AMC, ‘meme’ investors to face off in court over stock conversion

By Jody Godoy

(Reuters) – A months-long battle between retail investors and AMC Entertainment Holdings over a stock conversion plan will come to a head on Thursday at an unusual two-day court hearing in Delaware that may be critical to the cinema chain’s survival.

A judge on the Court of Chancery will consider approving a class action settlement, a step that is normally routine. The deal provides AMC common stock holders with shares worth an estimated $129 million to resolve allegations the company rigged a shareholder vote against them.

But nothing is routine about AMC, a “meme” stock that was part of a social media-fueled trading frenzy in 2021 along with other companies such as Gamestop.

The company was sued in February for allegedly rigging a shareholder vote that would allow AMC to convert preferred stock to common stock and issue hundreds of millions of new shares.

The conversion would dilute the common stockholders’ ownership, but allow AMC to pay down some of its $5.1 billion in debt.

AMC has told investors it is burning cash at an unsustainable rate and warned that an inability to raise capital could force the company into bankruptcy.

It cannot carry out its plan to do so until the litigation has been resolved.
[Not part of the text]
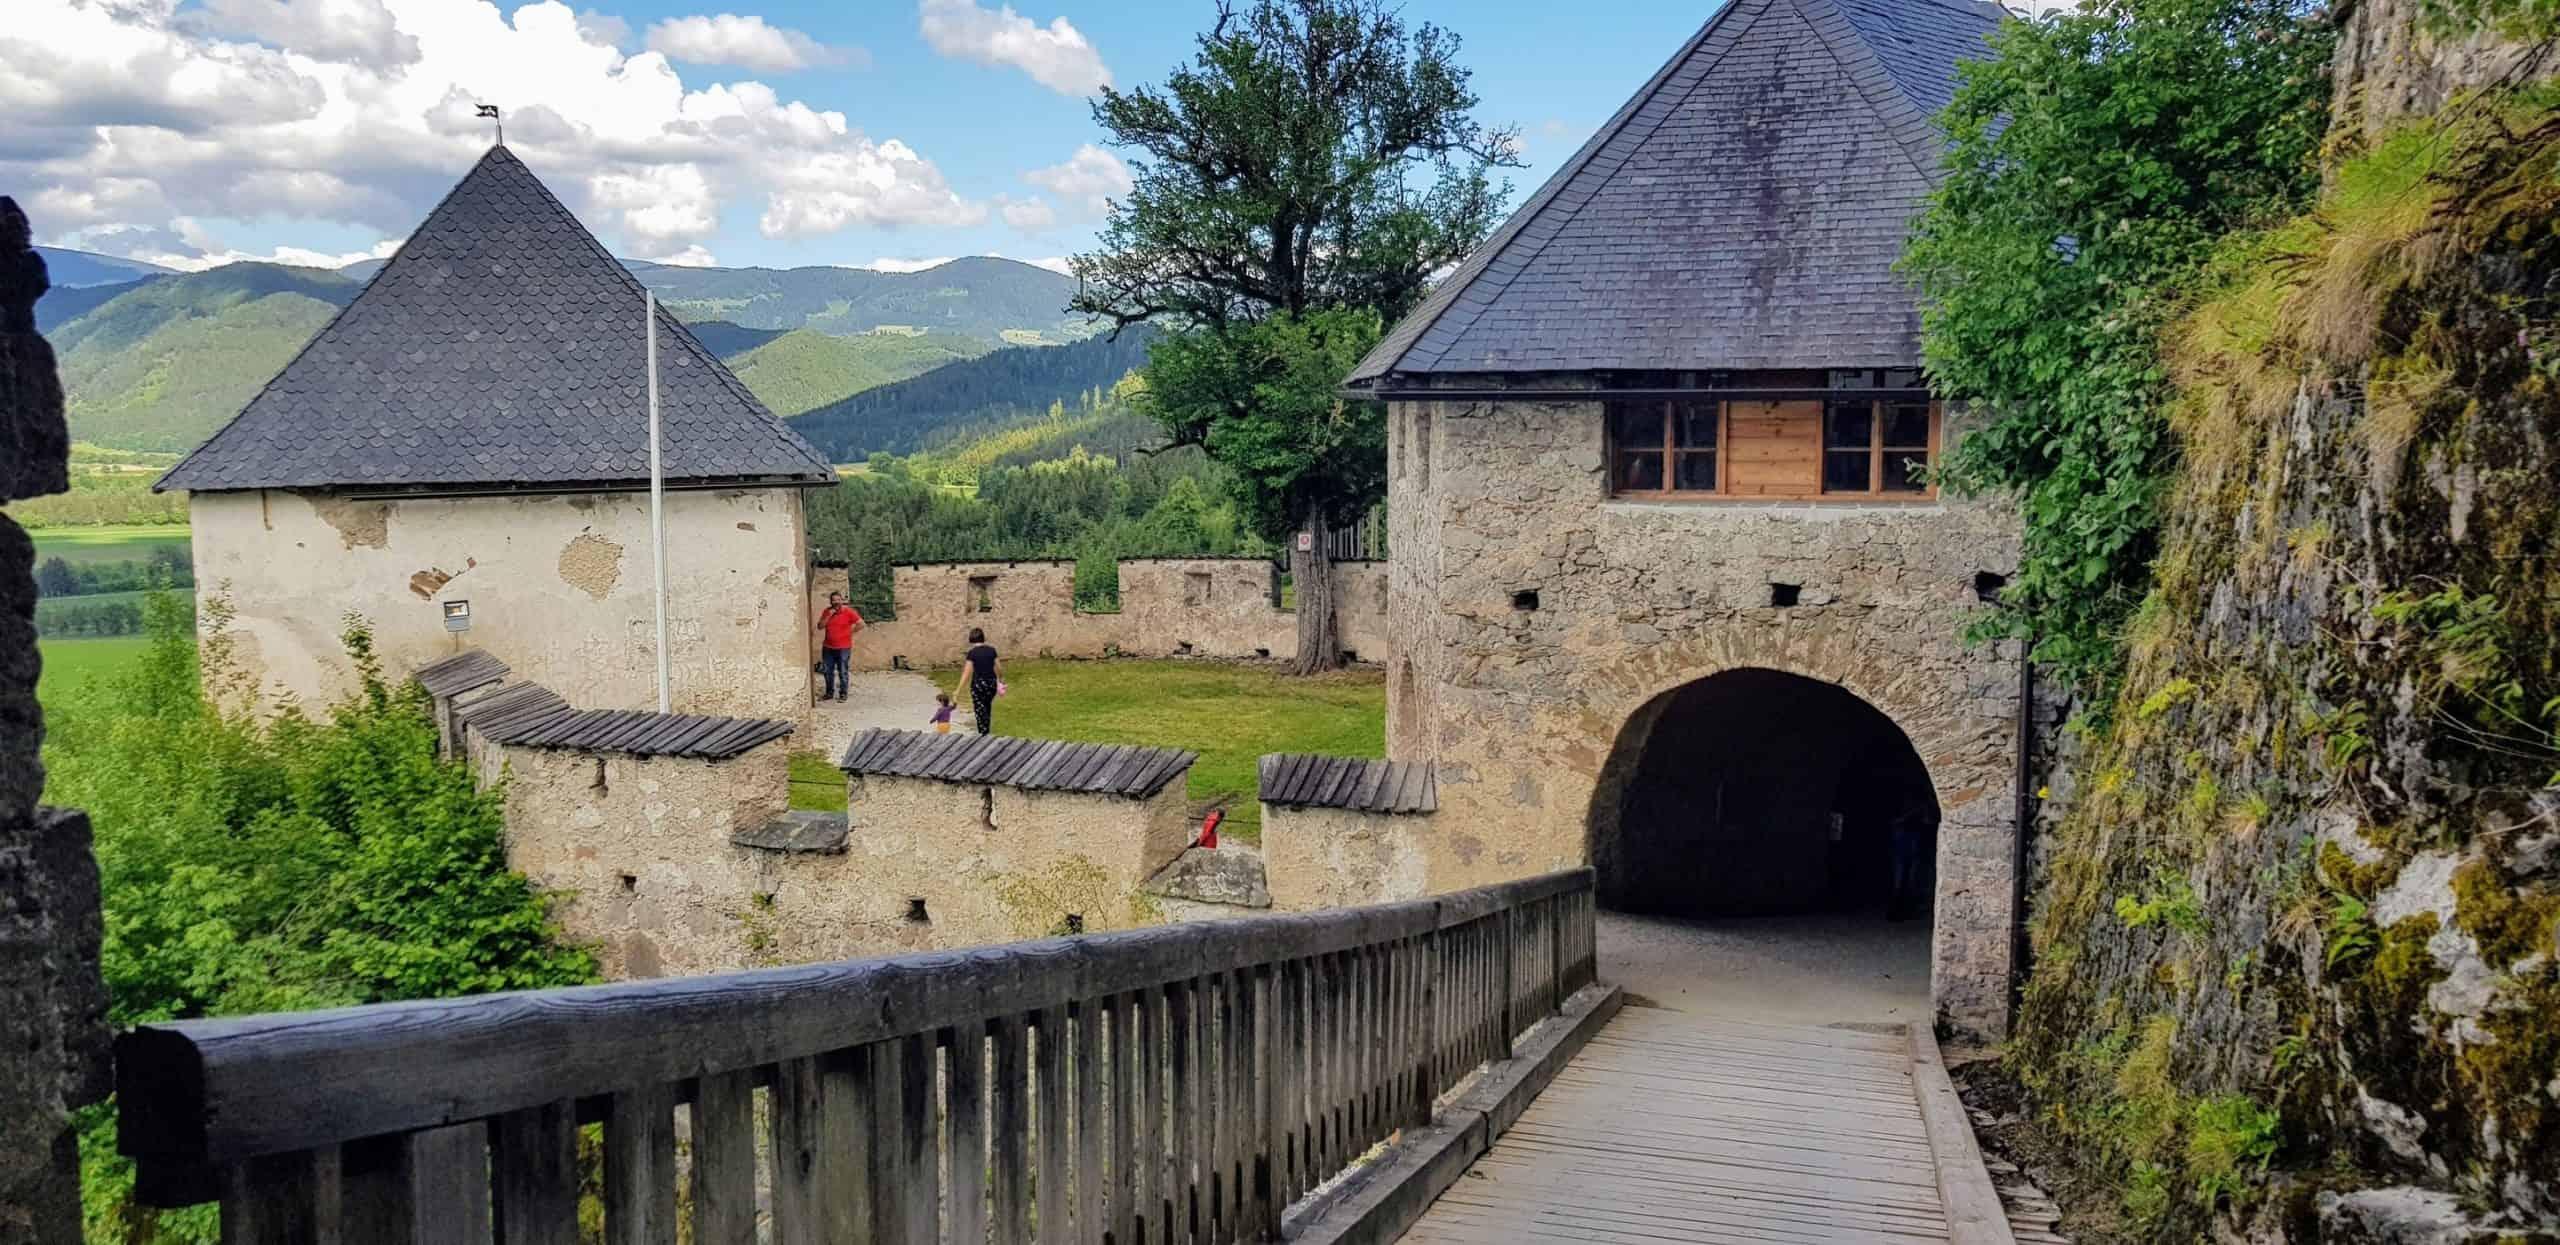 Durch Engeltor geht es zum Khevenhüller-Gardemuseum auf der Burg Hochosterwitz - Wahrzeichen in Kärnten, Nähe Klagenfurt

Objections to class action settlements are rare but the court received more than 2,800 objections to the agreement.

Many objectors sought permission to opt out of the settlement and sue on their own behalf, dismissing AMC’s dire financial predictions as “fear tactics.”

The Leawood, Kansas-based cinema chain operates over 900 theaters globally. AMC beat revenue estimates in the first quarter and expressed optimism that box office sales would continue to pick up into 2024.

An AMC spokesperson and attorneys for the investors leading the lawsuit did not immediately respond to requests for comment.

The investors, a Pennsylvania pension fund and an individual shareholder, had initially asked Delaware Vice Chancellor Morgan Zurn to block holders of preferred stock from the vote which was structured in their favor.

Now, they say in court papers that while AMC won the vote through “heavy-handed” tactics and “financial trickery,” the settlement compensates common stock holders without risking AMC’s future.

They urged the judge to reject the objections of a “tiny minority” of AMC’s 3.8 million stockholders.

“The same social-media engagement that once saved AMC is now a frenzy seeking to block the only avenue for common stockholders to receive consideration,” they said.

The case is In re: AMC Entertainment Holdings Inc. Stockholder Litigation, No. 2023-0215, in the Delaware Court of Chancery.